Salvador: Plano Municipal de Educação é um golpe contra a cidade, afirma vereador

Vereador Hilton Coelho critica Plano Municipal de Educação de Salvador.
Vereador Hilton Coelho critica Plano Municipal de Educação de Salvador.
Vereador Hilton Coelho critica Plano Municipal de Educação de Salvador.
Vereador Hilton Coelho critica Plano Municipal de Educação de Salvador.

O Projeto de Lei que institui o Plano Municipal de Educação (PME) de Salvador, enviado pelo prefeito ACM Neto entrou na pauta de votação da Câmara Municipal. O vereador Hilton Coelho (PSOL), membro da Comissão de Educação da Casa, o classifica como “um golpe contra a Educação pública e gratuita, um atentado o direito do nosso povo. Ele chega ilegal em todos os aspectos. Há obrigatoriedade de realização de audiências públicas, o que não ocorreu sob convocação do Executivo. Cita nome de instituições como a Universidade Federal da Bahia (UFBA) e a Universidade do Estado da Bahia (Uneb) que já declaram como não participantes de quaisquer ações em relação ao PME. O uso desautorizado do nome de instituições mostra que a falta de escrúpulo orienta as iniciativas da atual gestão da prefeitura”, afirma.

Para o legislador, “além do aspecto de conteúdo da reorganização, a forma utilizada pelo prefeito ACM Neto é desleal com a luta das educadoras. O PME está em discussão na Câmara e deve ser aprovado pela maioria governista. O prefeito, temendo a força da categoria, jogou para o ano seguinte ao das eleições o envio de projeto que vai regulamentar o art. 9º do PME, que pretende legalizar a reorganização escolar em Salvador e colocar em prática todas as alterações nefastas à educação. Em 2017, depois das eleições, teremos escolas privatizadas, administradas por organizações sociais e não mais pela Secretaria de Educação (Smed) ”.

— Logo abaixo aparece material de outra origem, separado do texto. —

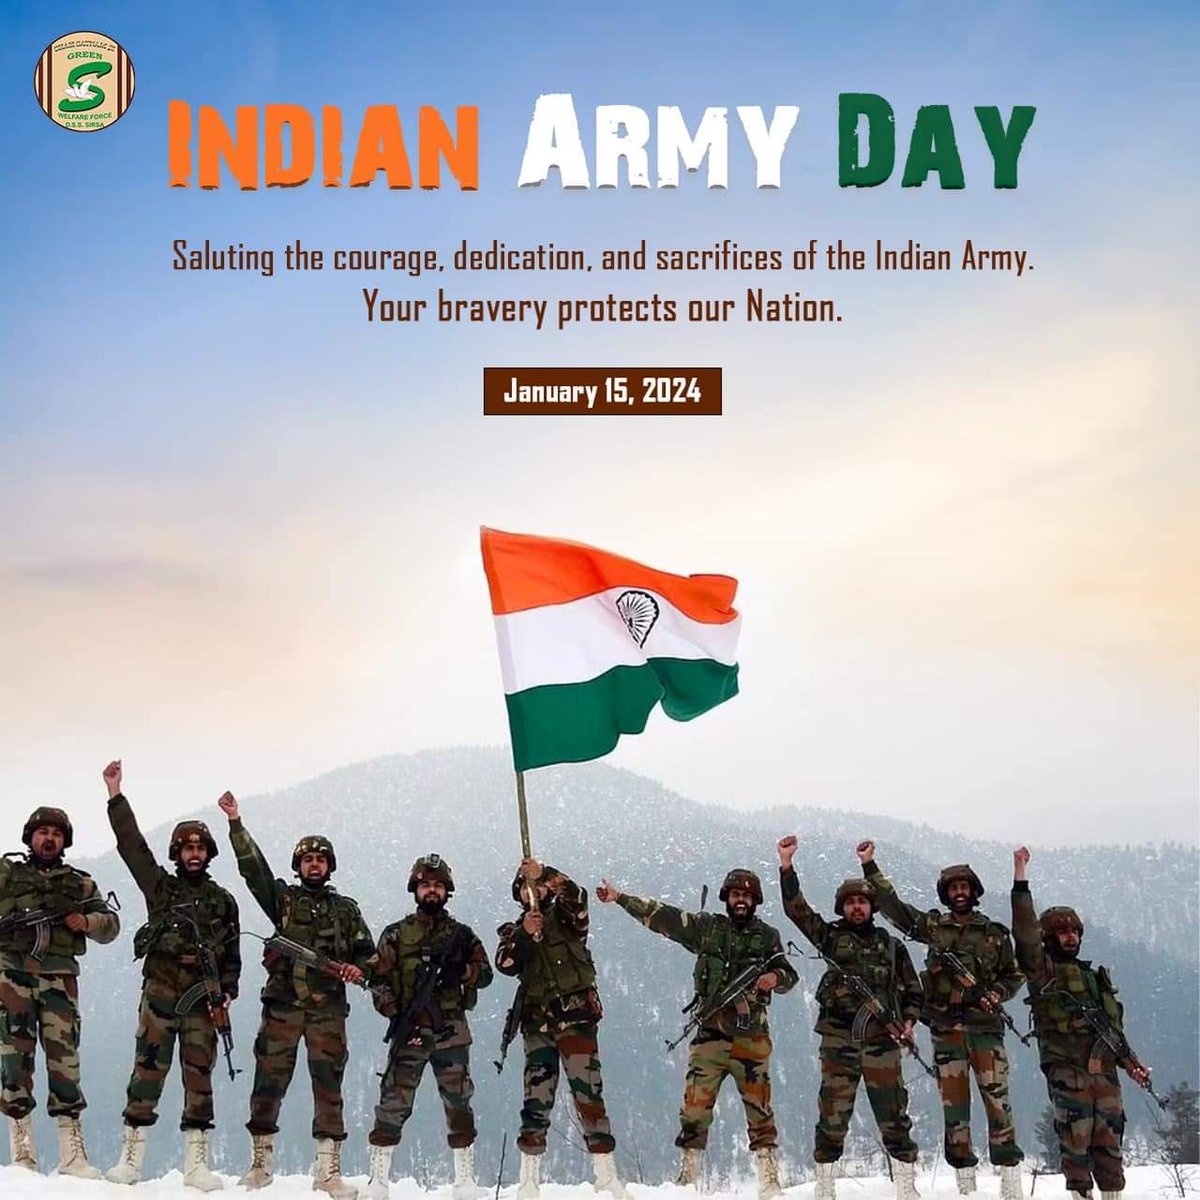 थल सेना दिवस पर अदम्य साहस बहादुरी और पराक्रम की परिचायक भारतीय थल सेना के सैनिकों को मेरा सादर नमन एवं भारतीय थल सेना दिवस की हार्दिक बधाई एवं शुभकामनाएं💐🇮🇳🙏 
#थल_सेना_दिवस #IndianArmy #drpriyankamaurya

Hilton Coelho detalha que os professores serão contratados pela CLT e não mais estatutários. Criarão duas categorias de professores, representado por diferentes sindicatos; diretores escolares substituídos pelos interesses das organizações sociais; fechamento e junção de turmas para poder dar mais lucro para a iniciativa privada.  Esse é o cenário da reorganização escolar, posta em prática nos estados de Goiás e São Paulo e que ACM Neto começou a colocar em prática em Salvador”.

O vereador critica com veemência as organizações sociais que assumiriam a educação. “São, na realidade, verdadeiras empresas mascaradas, que estão intimamente ligadas a esquemas de superfaturamento em contratos com o poder público. Em Salvador, o fechamento de escolas, a junção de turmas e a redução dos alunos na Educação de Jovens e Adultos (EJA), promovidos pela gestão de ACM Neto em 2016, é a terraplanagem para a imposição da reorganização escolar, que poderá ser consolidada com a aprovação do PME. Visa garantir os lucros futuros das organizações sociais”.

“Reafirmamos nosso compromisso com a educação pública, gratuita, de qualidade e que atenda os interesses da maioria da população. Estamos juntos com a categoria contra a superexploração dos professores, com ampliação do adoecimento, medicalização dos estudantes com desempenho insuficiente. É a imposição da lógica de mercado na educação, às custas da qualidade e da garantia do direito social básico, com a desresponsabilização pelo Estado. A população em geral deve se manifestar contra este PME, em especial as educadoras e educadores. Vamos resistir e impedir mais este golpe, este ataque a um direito fundamental que é a educação”, finaliza Hilton Coelho.